**Aim of the task**
Would you please transcribe the data in full and exactly, excluding images?

**Available data**
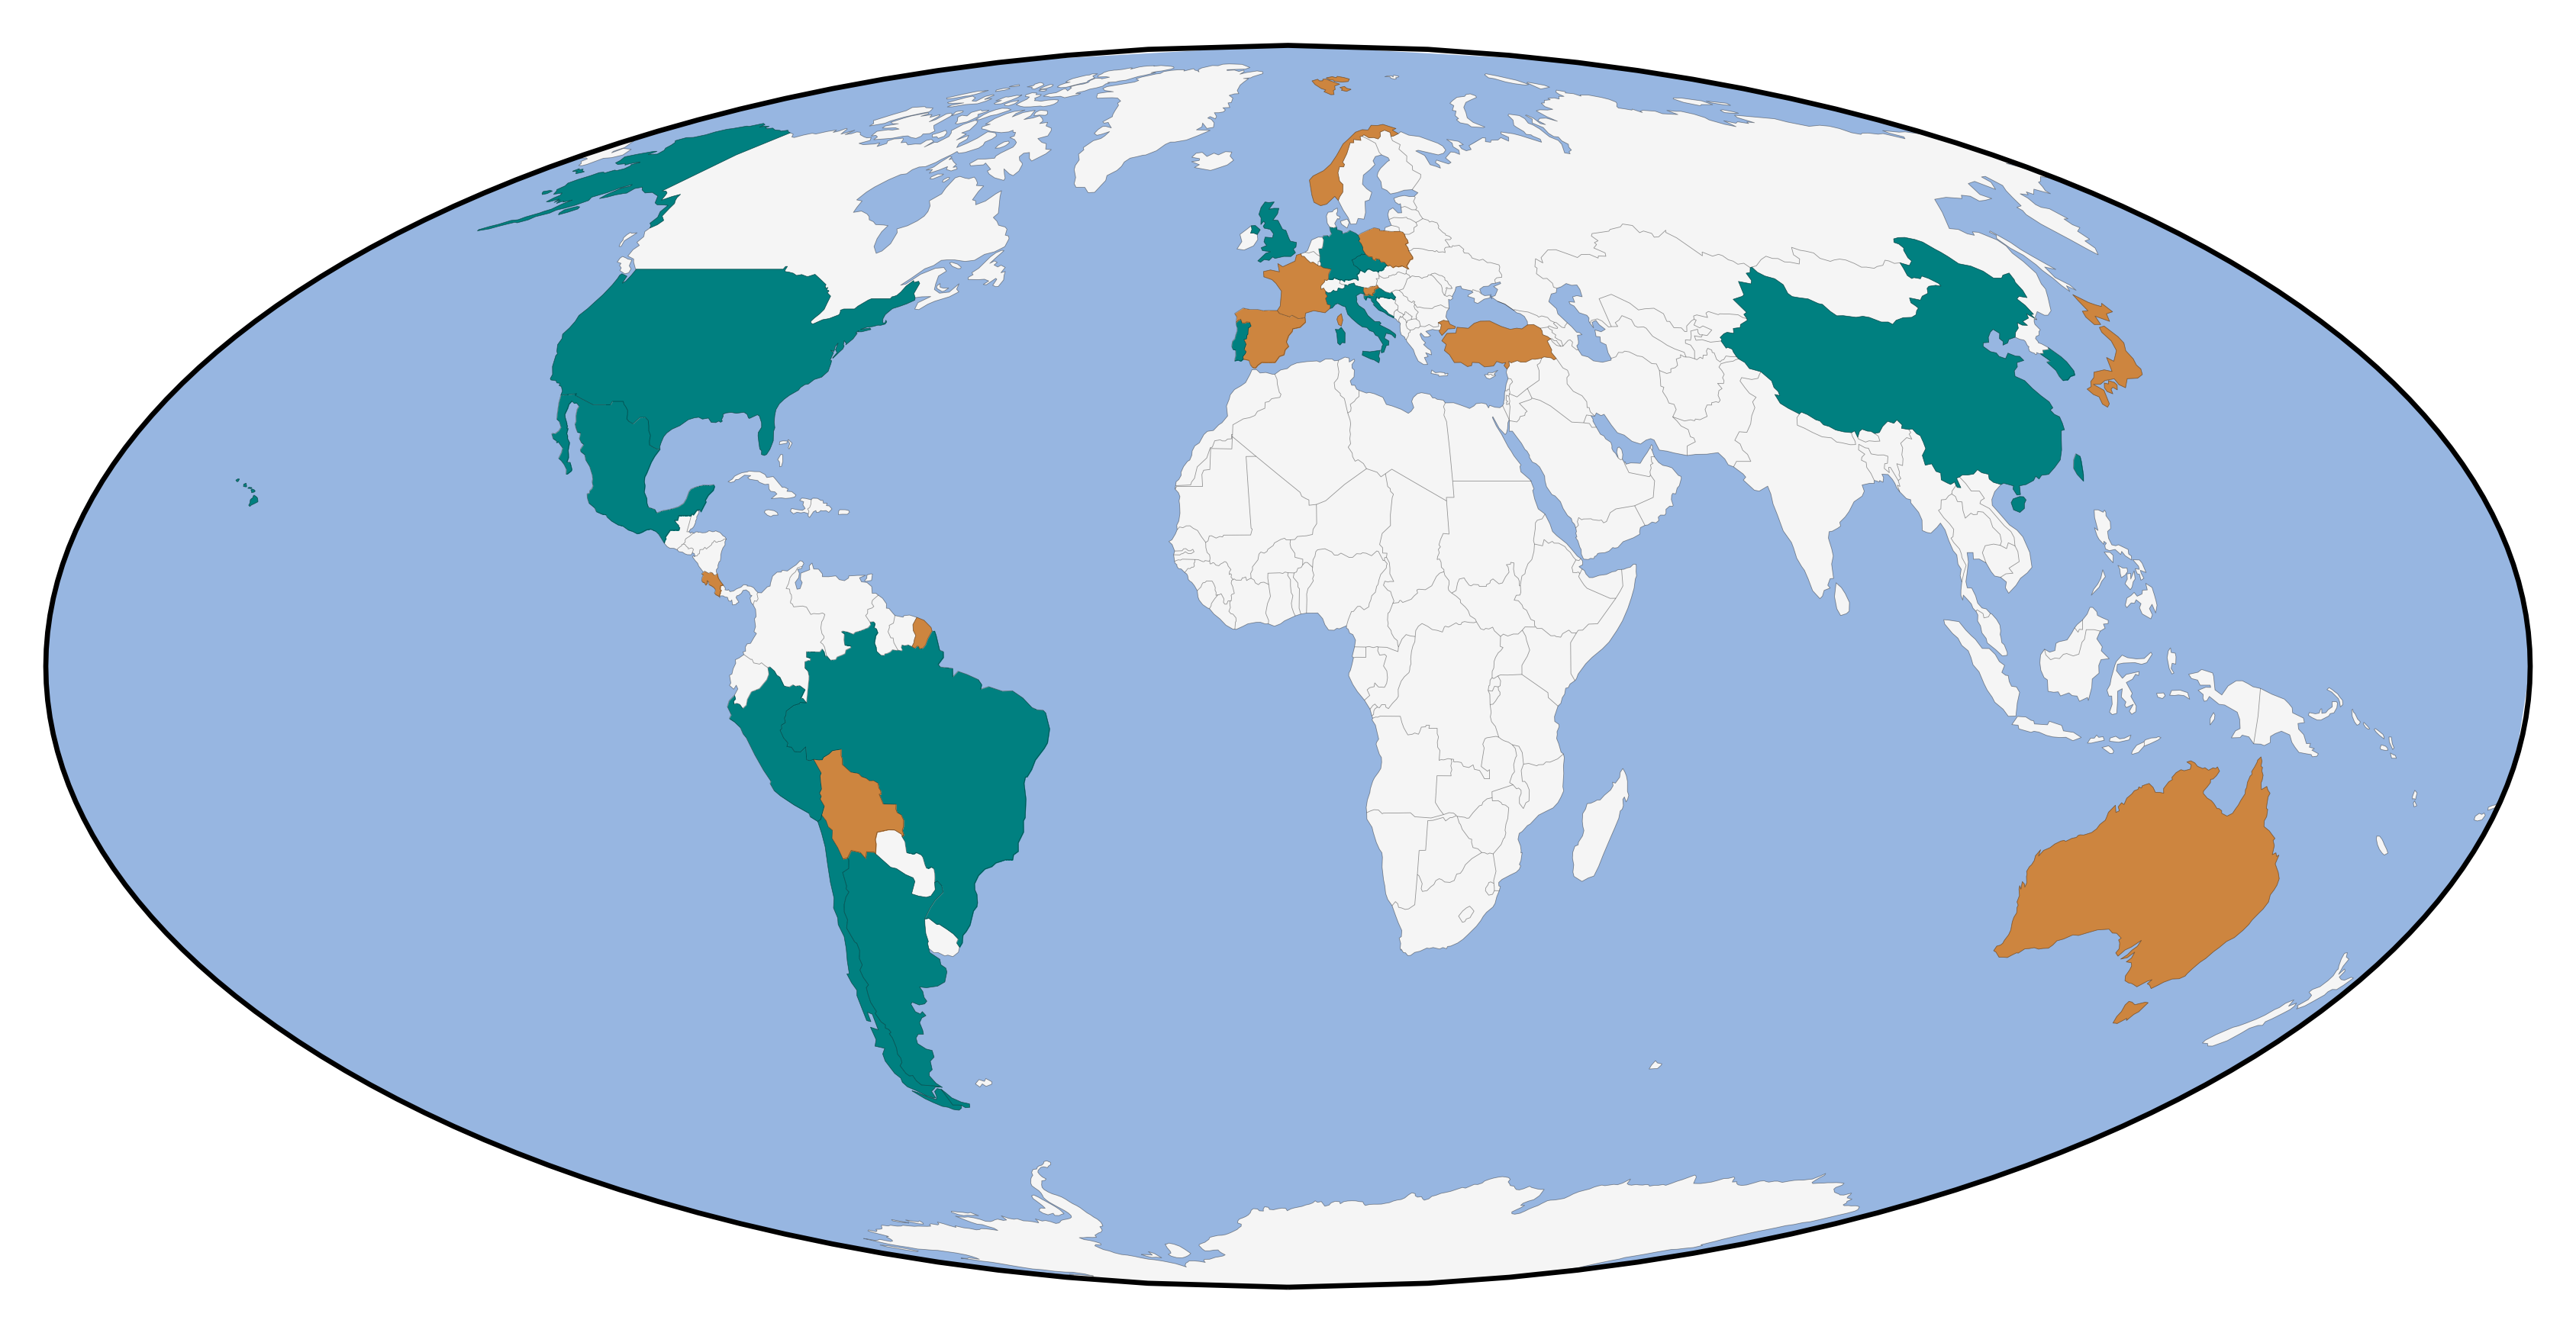 countries involved in SWGO
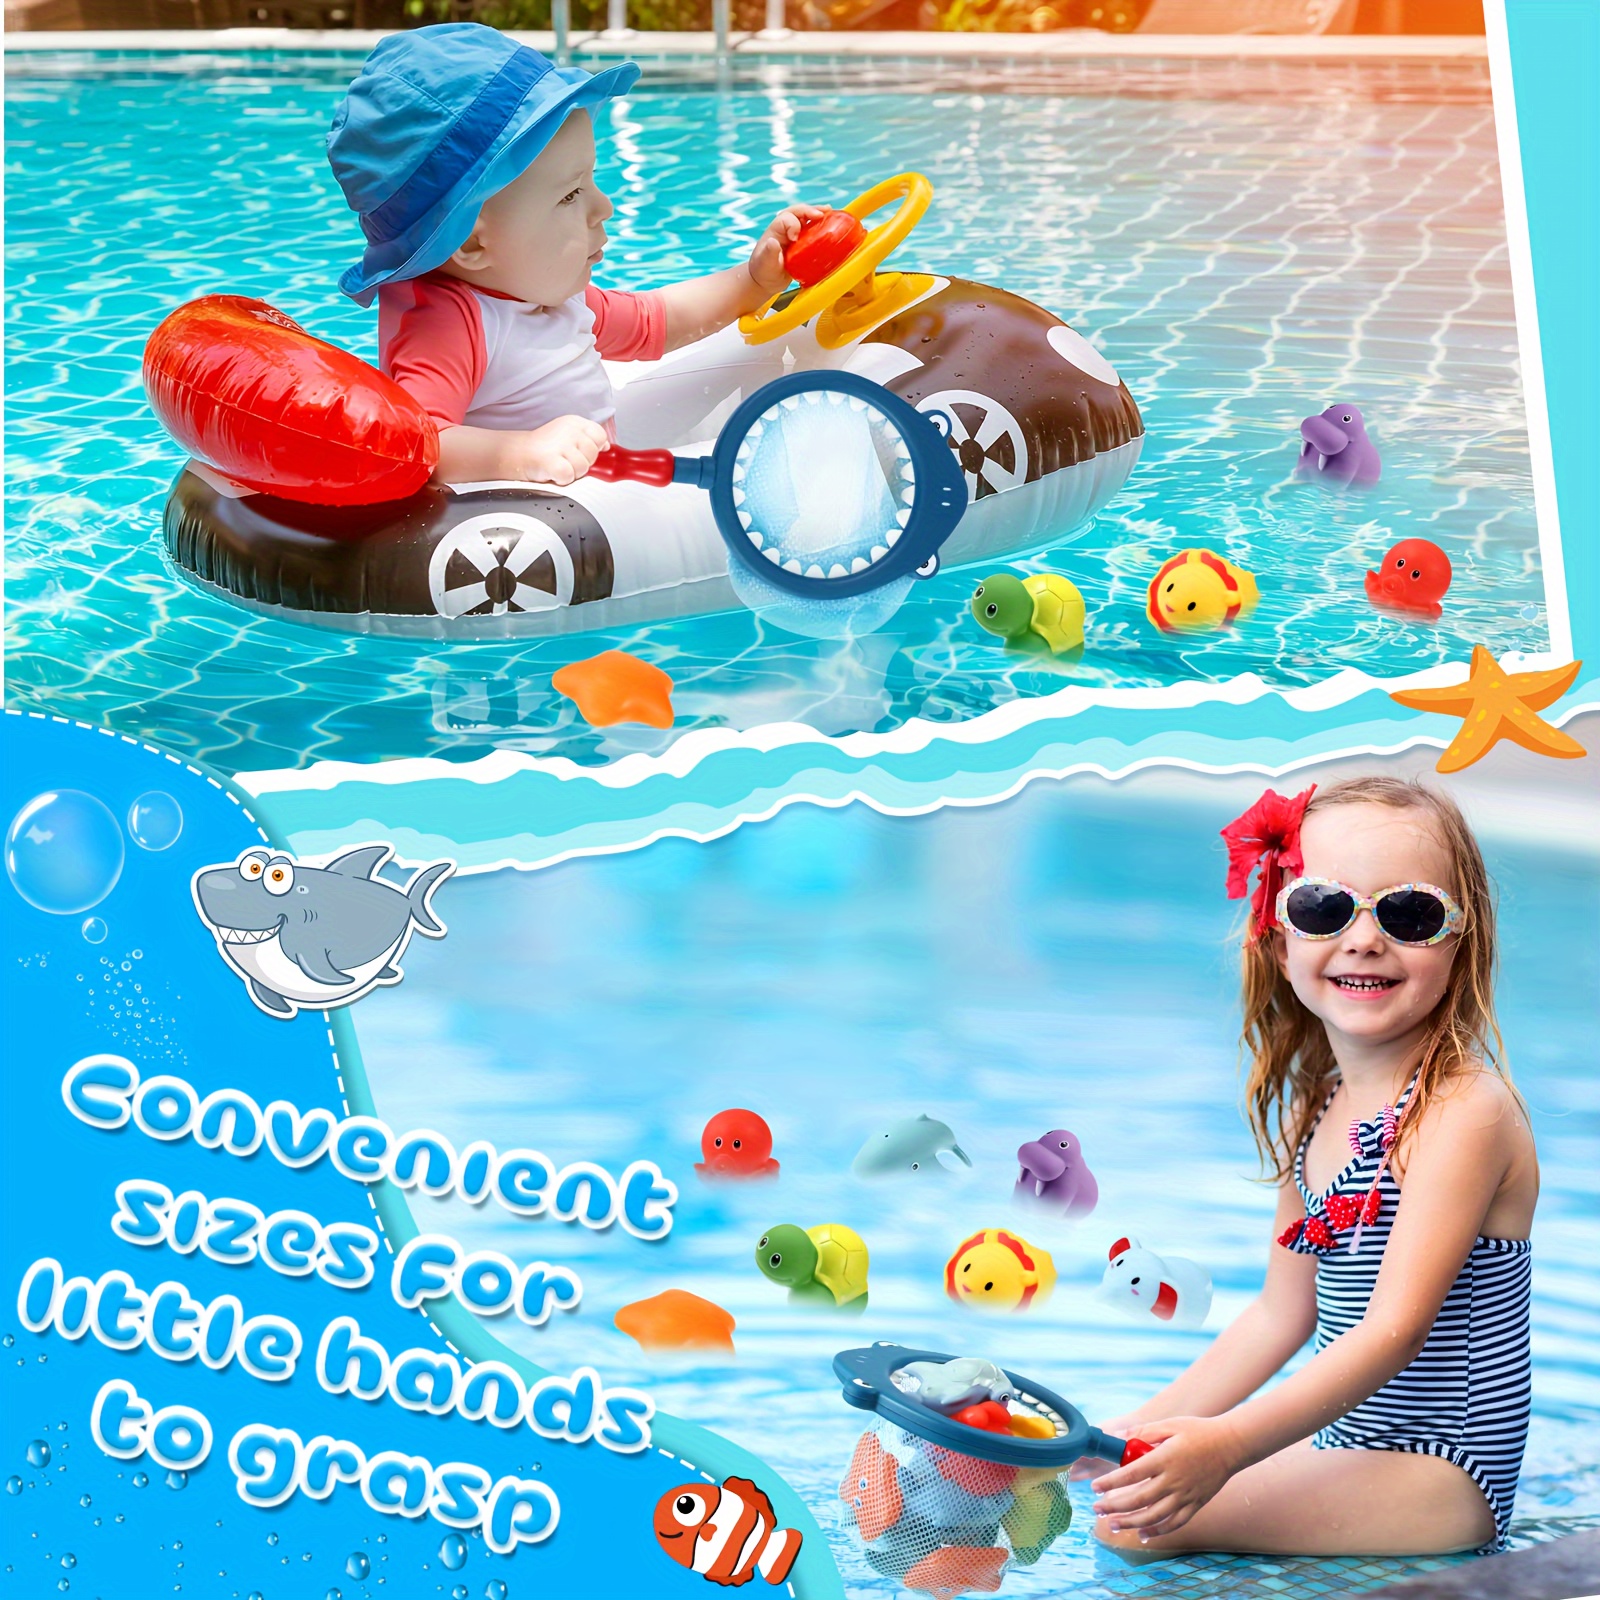 OBloved Shark Grabber Bath Toy with Fishing Net, Creativity Floating Toy &  Fishing Game, Bathtub Pals Marine Animals and Dinosaurs, Swimming Bath Tub,  Beach, Pool Play Set for Boys and Girls in
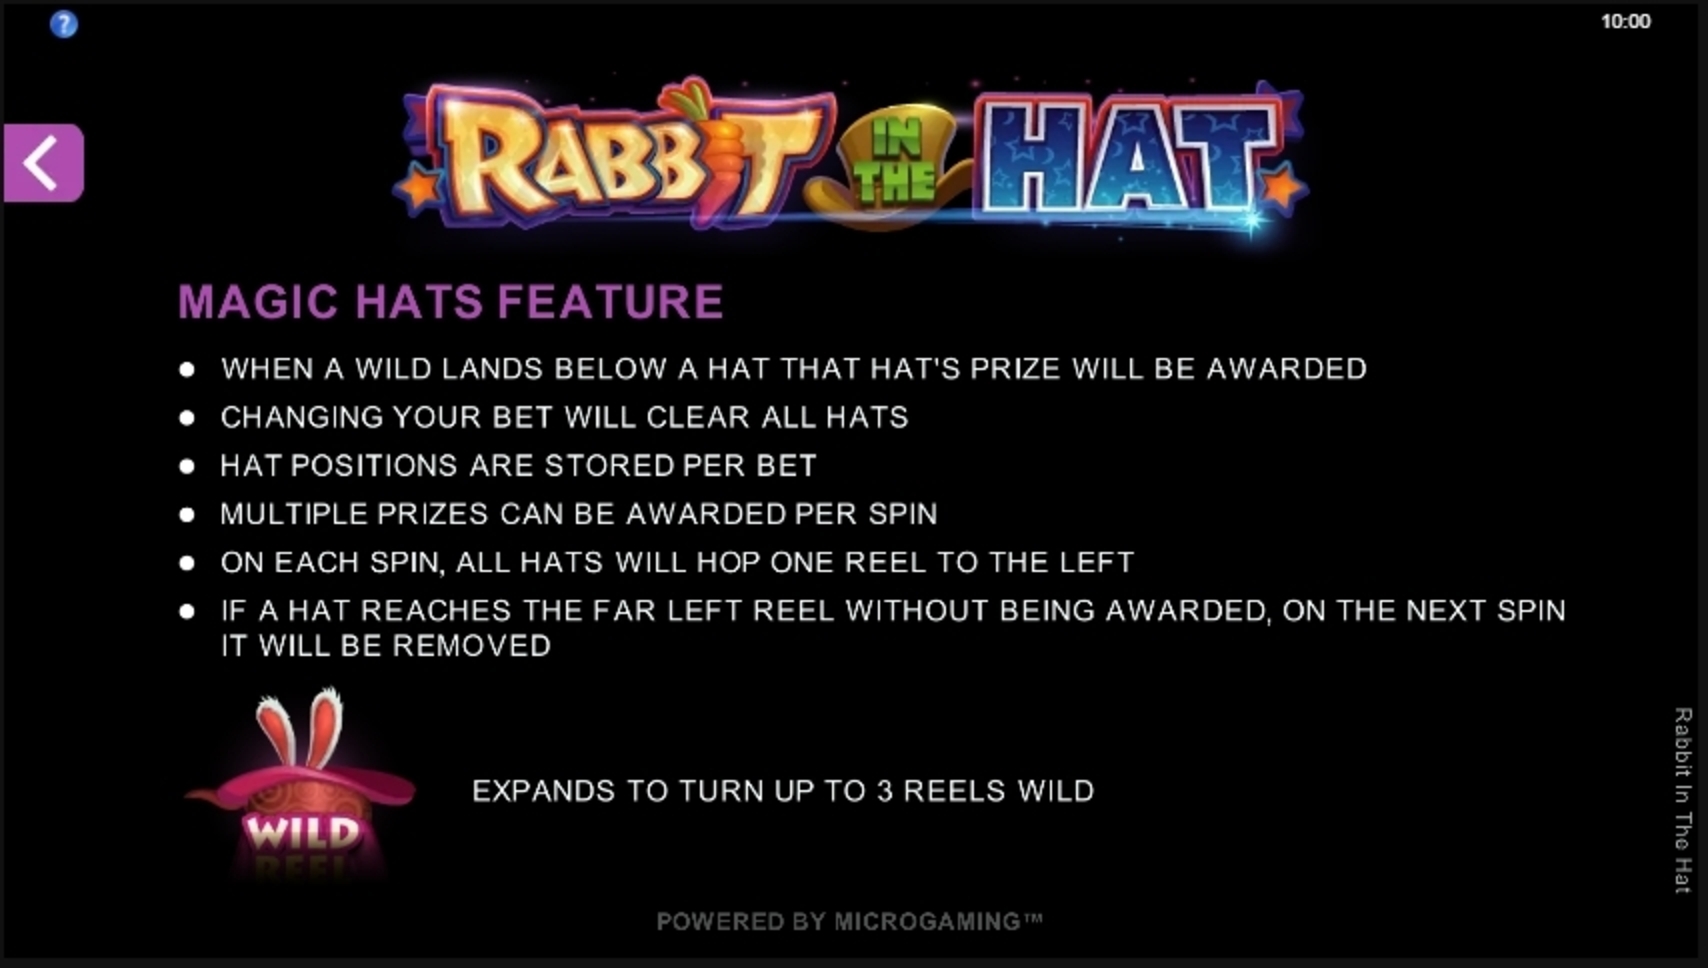 Info of Rabbit In The Hat Slot Game by Microgaming
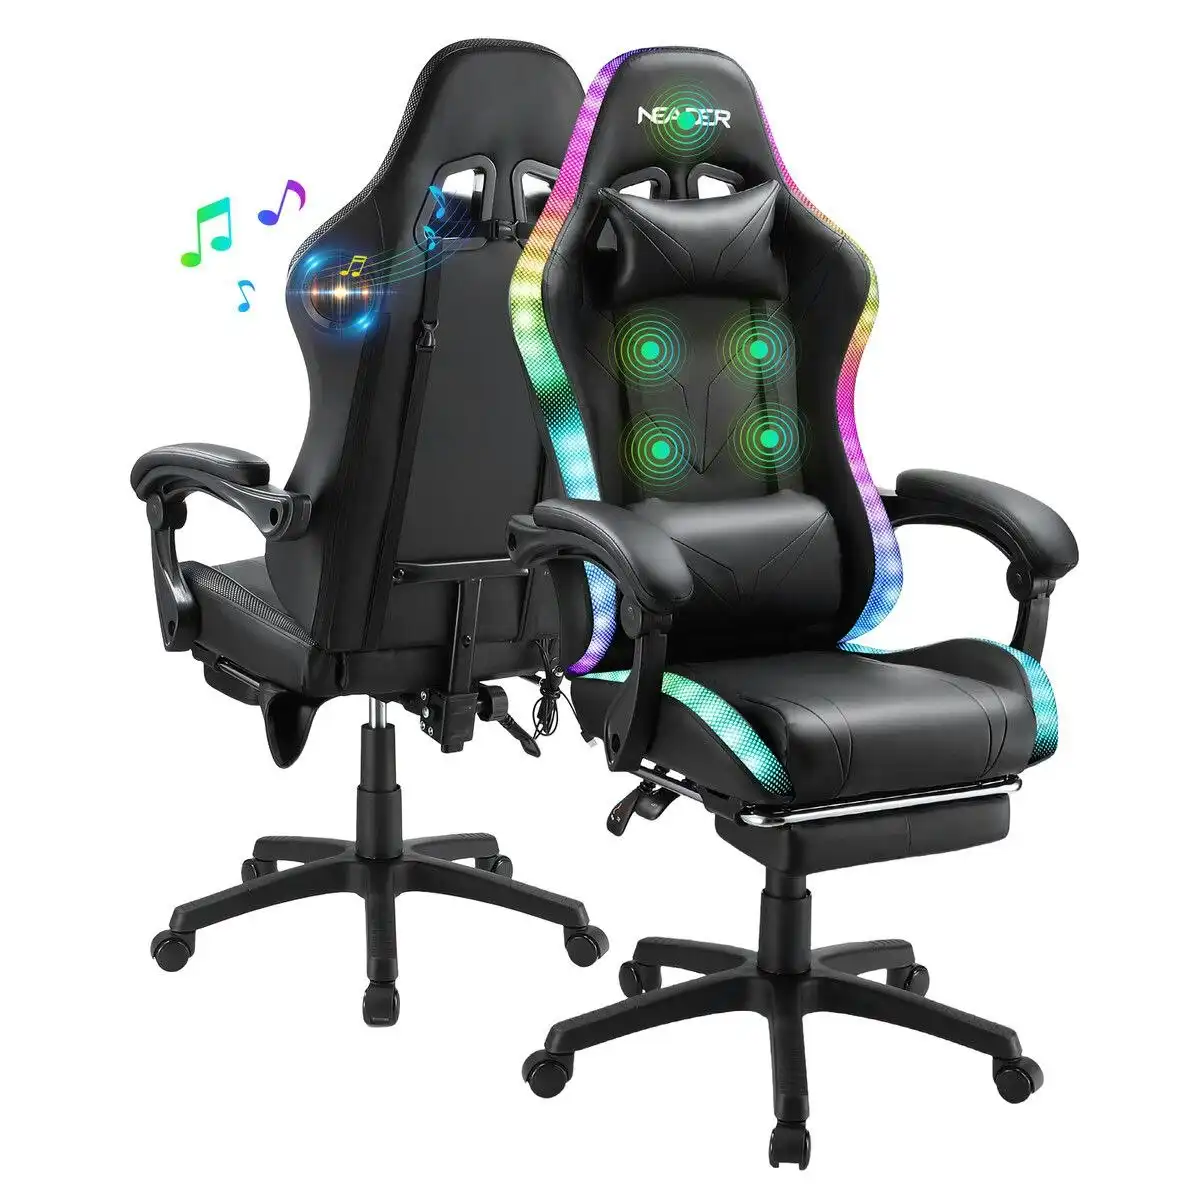 Neader Gaming Office Chair RGB LED Racing Massage PU Computer Seat Bluetooth Speaker Headrest Retractable Footrest Comfortable Armchair Recliner Black

**Answer for this exercise**
 countries involved in SWGO
 OBloved Shark Grabber Bath Toy with Fishing Net, Creativity Floating Toy &  Fishing Game, Bathtub Pals Marine Animals and Dinosaurs, Swimming Bath Tub,  Beach, Pool Play Set for Boys and Girls in
 Info of Rabbit In The Hat Slot Game by Microgaming
 Neader Gaming Office Chair RGB LED Racing Massage PU Computer Seat Bluetooth Speaker Headrest Retractable Footrest Comfortable Armchair Recliner Black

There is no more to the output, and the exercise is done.